Positron emission tomography (PET) and computed tomography (CT)-based response assessments were conducted after the fourth nivolumab dose (ie, after the second N-AVD cycle in the concomitant group) and after the end of systemic treatment. Another CT-based restaging was scheduled for 4 to 6 weeks after completion of IS-RT. In case of residual lesions that had not been considered negative on PET results in an earlier restaging, another PET/CT was scheduled for 3 months after the end of IS-RT. Response assessment was completed centrally by a multidisciplinary panel of experts from medical oncology, nuclear medicine, and radiation oncology. Response criteria were adapted from 2007 International Working Group criteria (eMethods 1 in Supplement 1). An independent data-monitoring board reviewed data on a regular basis.

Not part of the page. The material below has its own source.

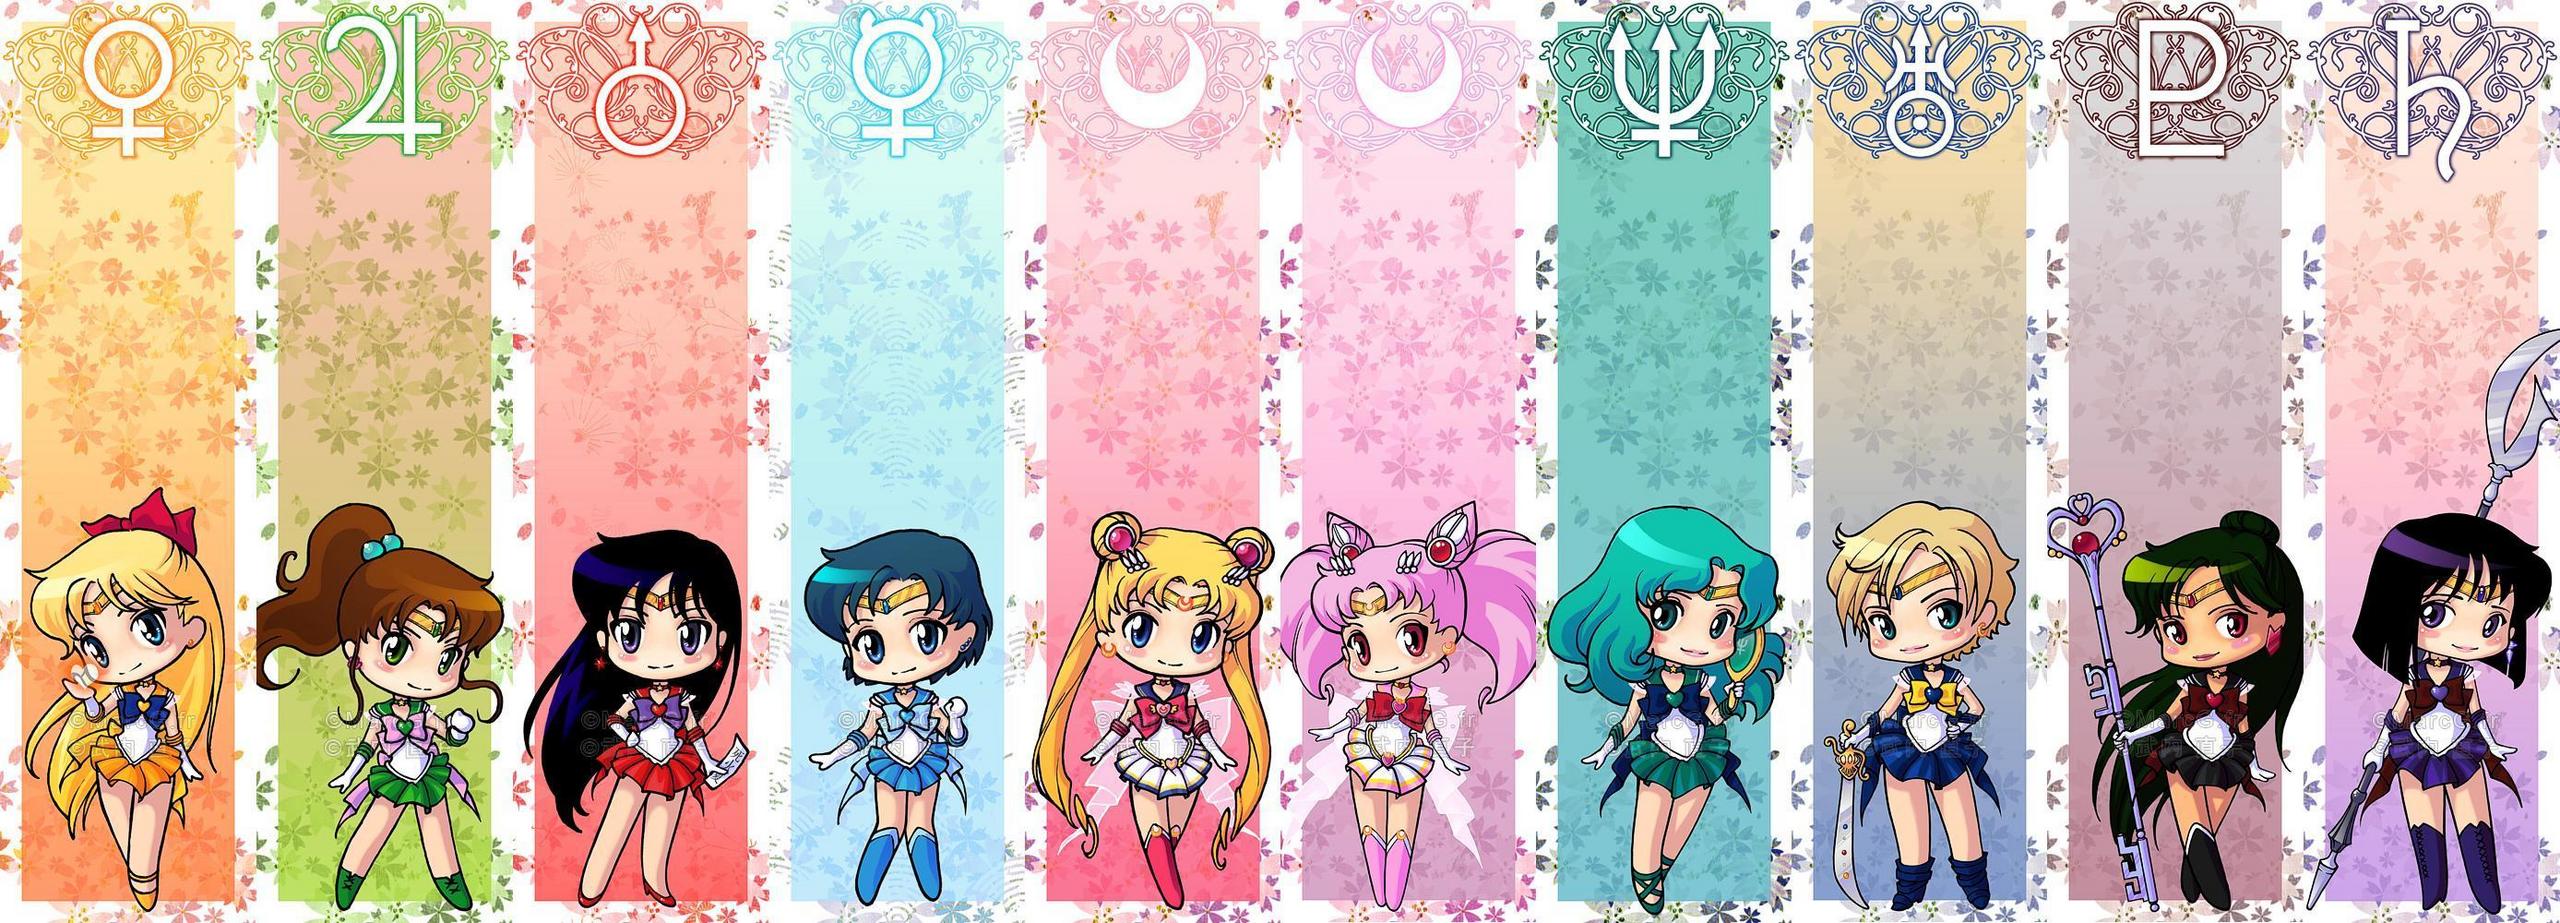 Sailor Moon Image Wallpaper Photos

The primary end point of this study was the CR rate after end of study treatment, including systemic treatment with nivolumab and AVD and IS-RT, if performed. Treatment-related morbidity was analyzed as a key secondary end point; this was defined as any organ-related AE in the categories cardiac, gastrointestinal, hepatobiliary, nervous system, kidney and urinary, respiratory, thoracic and mediastinal disorders of Common Terminology Criteria for Adverse Events (CTCAE) grade 3 or 4, or anemia, thrombocytopenia, or infection of CTCAE grade 4. Further secondary end points included PFS (defined as the time from randomization until progression, relapse, or death from any cause, or censored at the date of last information on the disease status), overall survival (OS; defined as time from randomization until death from any cause, or censored at the date of last information on the patient being alive), early response to systemic therapy, and treatment-related AEs of CTCAE grades 3 and 4.

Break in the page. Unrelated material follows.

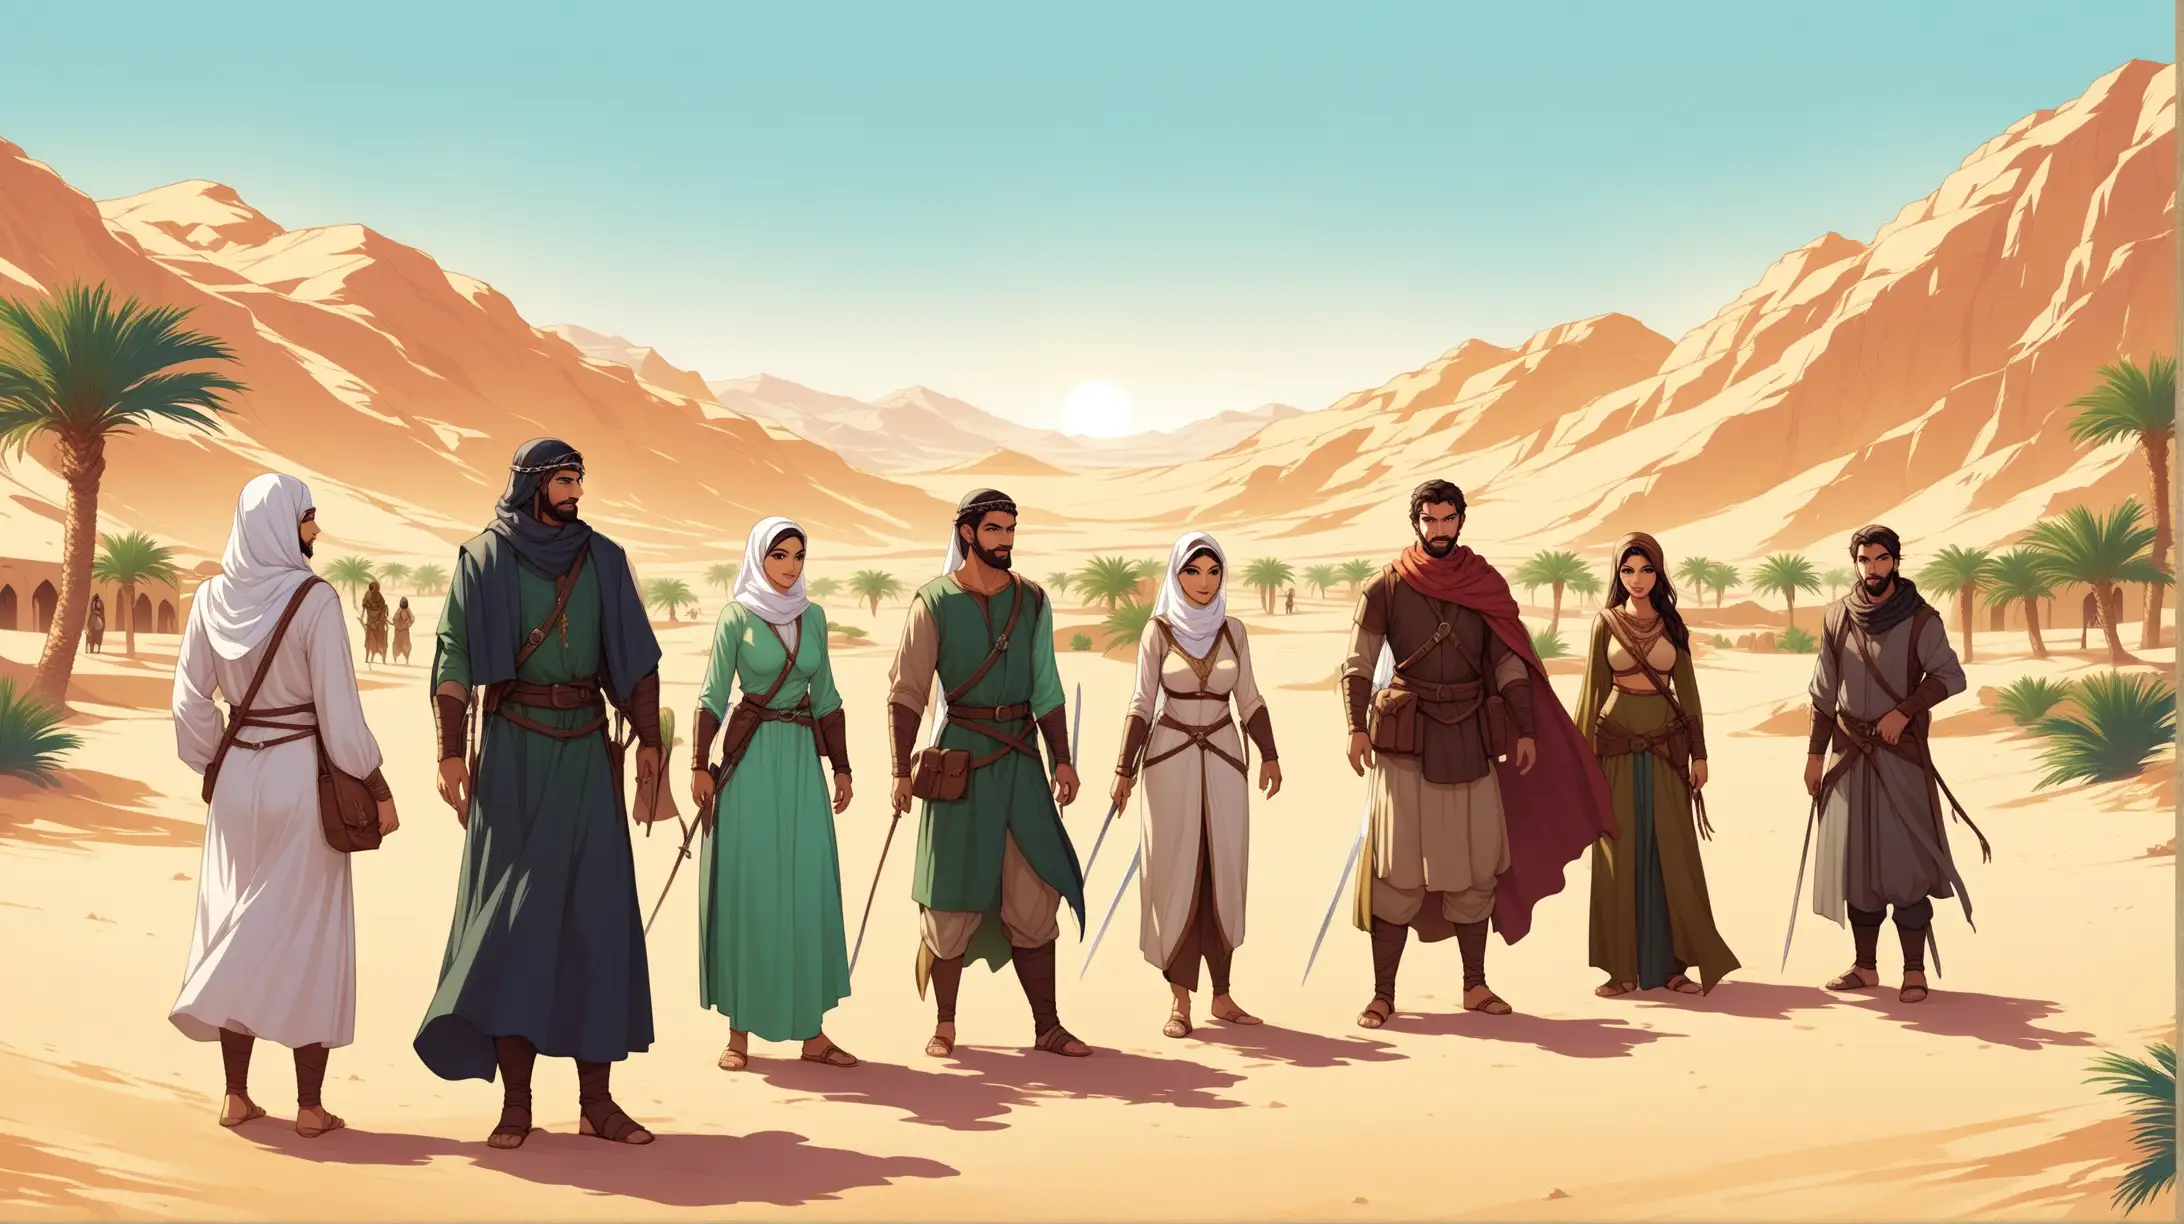 Arabic Persian Adventurers at Desert Oasis in Medieval Fantasy Setting

The primary objective of this study was to demonstrate the efficacy of the 2 treatment strategies. The Consolidated Standards of Reporting Trials (CONSORT) reporting guidelines were followed. The 2 independent treatment groups were analyzed separately. The trial was designed to exclude a CR rate of 80% or less via a 2-sided 95% CI with a power of 90% for each treatment group, assuming the true CR rates were around 95%. Patients with severe protocol deviations (ie, inclusion criteria violation or fewer than 3 full cycles of AVD or fewer than 4 doses of nivolumab, unless owing to progressive disease) were not eligible for the primary end point analysis. We recruited 110 patients to perform the primary end point analysis with at least 48 eligible patients per treatment group. Except for the primary end point, all analyses were completed according to the intention-to-treat principle. We analyzed secondary end points descriptively, using the Kaplan-Meier method for time-to-event end points. We preplanned exploratory subgroup analyses for the primary end point in the pooled treatment groups and for early response to nivolumab in the sequential treatment group using univariate logistic regression. Subgroups were defined by potentially relevant clinical characteristics, such as sex, body mass index, a white-blood cell/eosinophil risk score,¹⁸ vitamin D deficiency,¹⁹ administration of corticosteroid prophylaxis, from start of study therapy, and highest CTCAE grade. We used SAS, version 9.4 (SAS Institute) for all analyses.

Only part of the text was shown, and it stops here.